LEX) NOMURA/LEHMAN

Investors don't like the deal either. In the four weeks since chief executive Kenichi Watanabe said the acquisition of Lehman's Asian and European franchise would cost Nomura $2bn – a blend of one-off and recurring expenses – Nomura has slid about 10 per cent more than the global banking sector. The shares, down 11 per cent on Thursday, are at their lowest levels since the early 80s.

On a charitable view, however, the deal is not such a stinker. Assuming that a quarter of that expenditure is booked as assets (technology, buildings etc), Nomura's recurring expenses will be boosted by $1.5bn, or close to a fifth, in staff costs. As widely reported, Nomura has agreed to preserve Lehman's 2007 bonus pool. If the average Lehman salary and benefits of $330,000 is simply transferred to Nomura's payroll, the guidance implies that Nomura plans to keep fewer than 5,000 of the 8,000-plus bodies it has brought on board – free of charge.

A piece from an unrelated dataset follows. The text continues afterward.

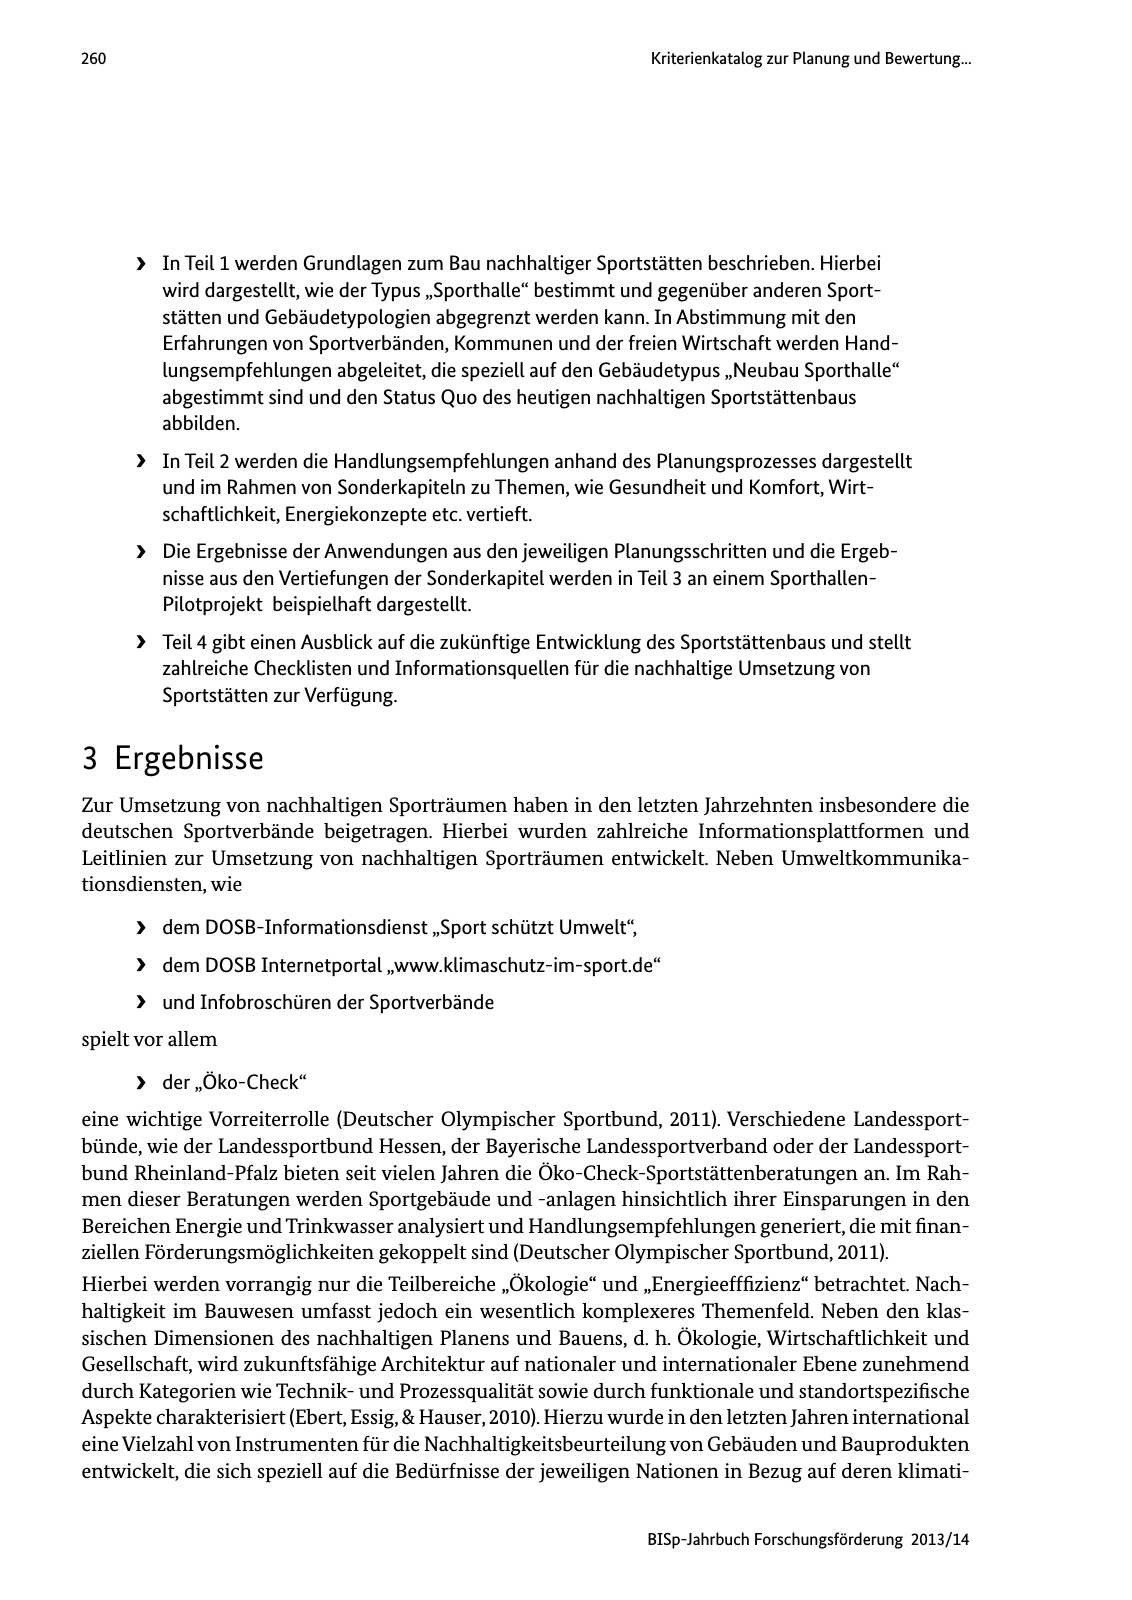 Vorschau BISp-Jahrbuch Forschungsförderung 2013/14 Seite 261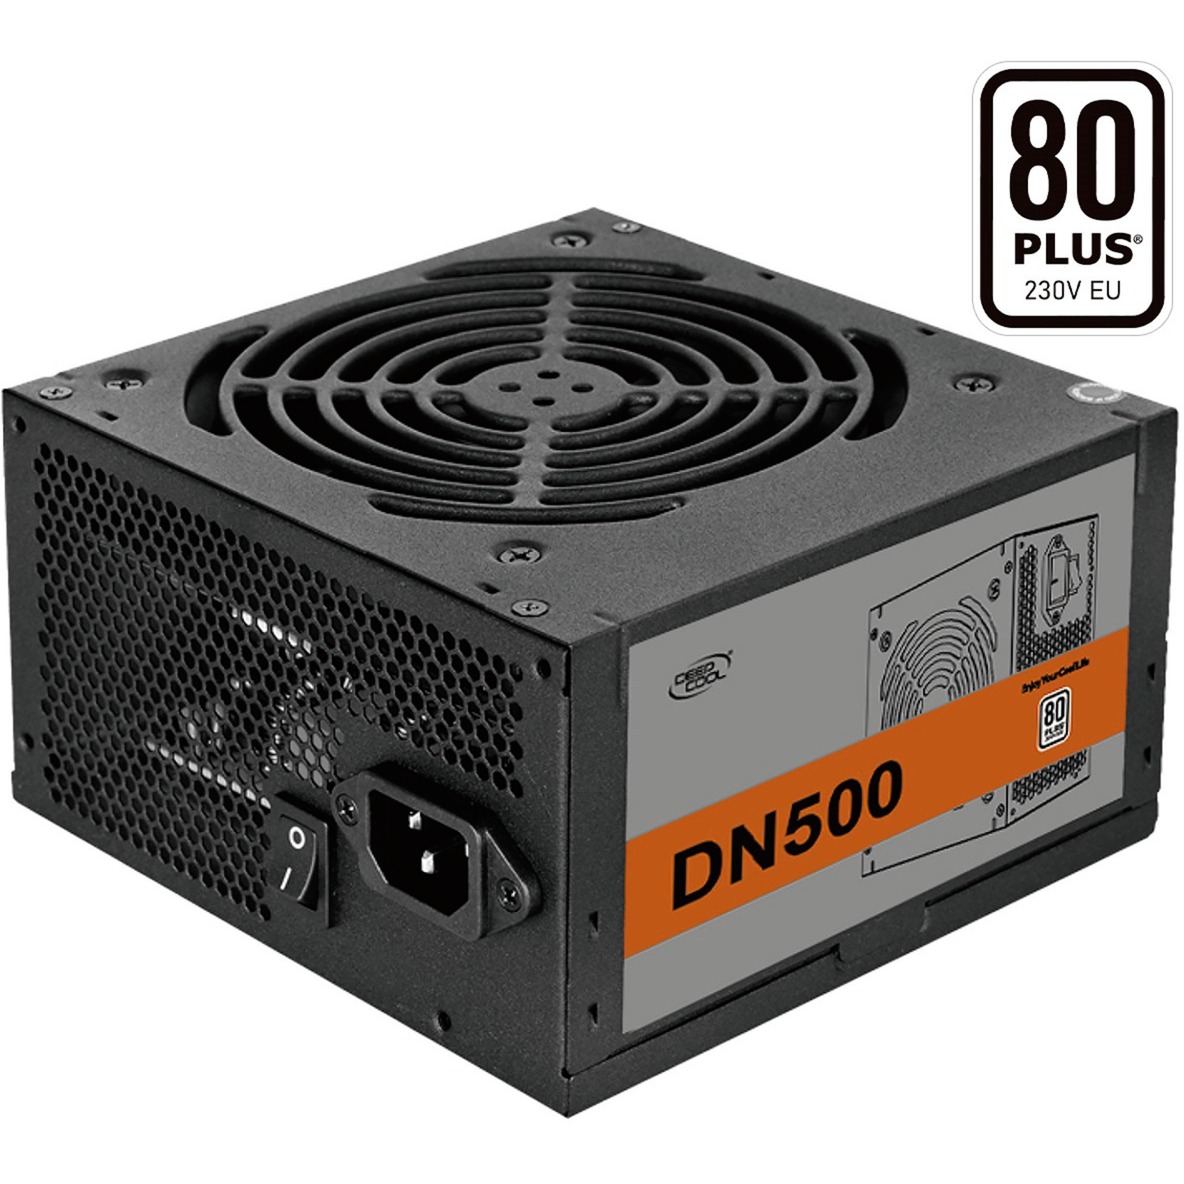 Image of Alternate - DN500 500W, PC-Netzteil online einkaufen bei Alternate

The deal also signals a shift in approach. Outside Japan, where it remains utterly dominant, Nomura traditionally expanded in two ways: by hiring flashy individuals on a lucky streak and by entering vague referral agreements with corporate finance boutiques. Neither strategy worked. Now, if Nomura can hold on to the relationship bankers it really wants, while building its US distribution, it stands a chance of eventually making the numbers work. Nomura/Lehman is already top five in Asia-Pacific M&A this year and top 10 in equity and debt issues, according to Dealogic.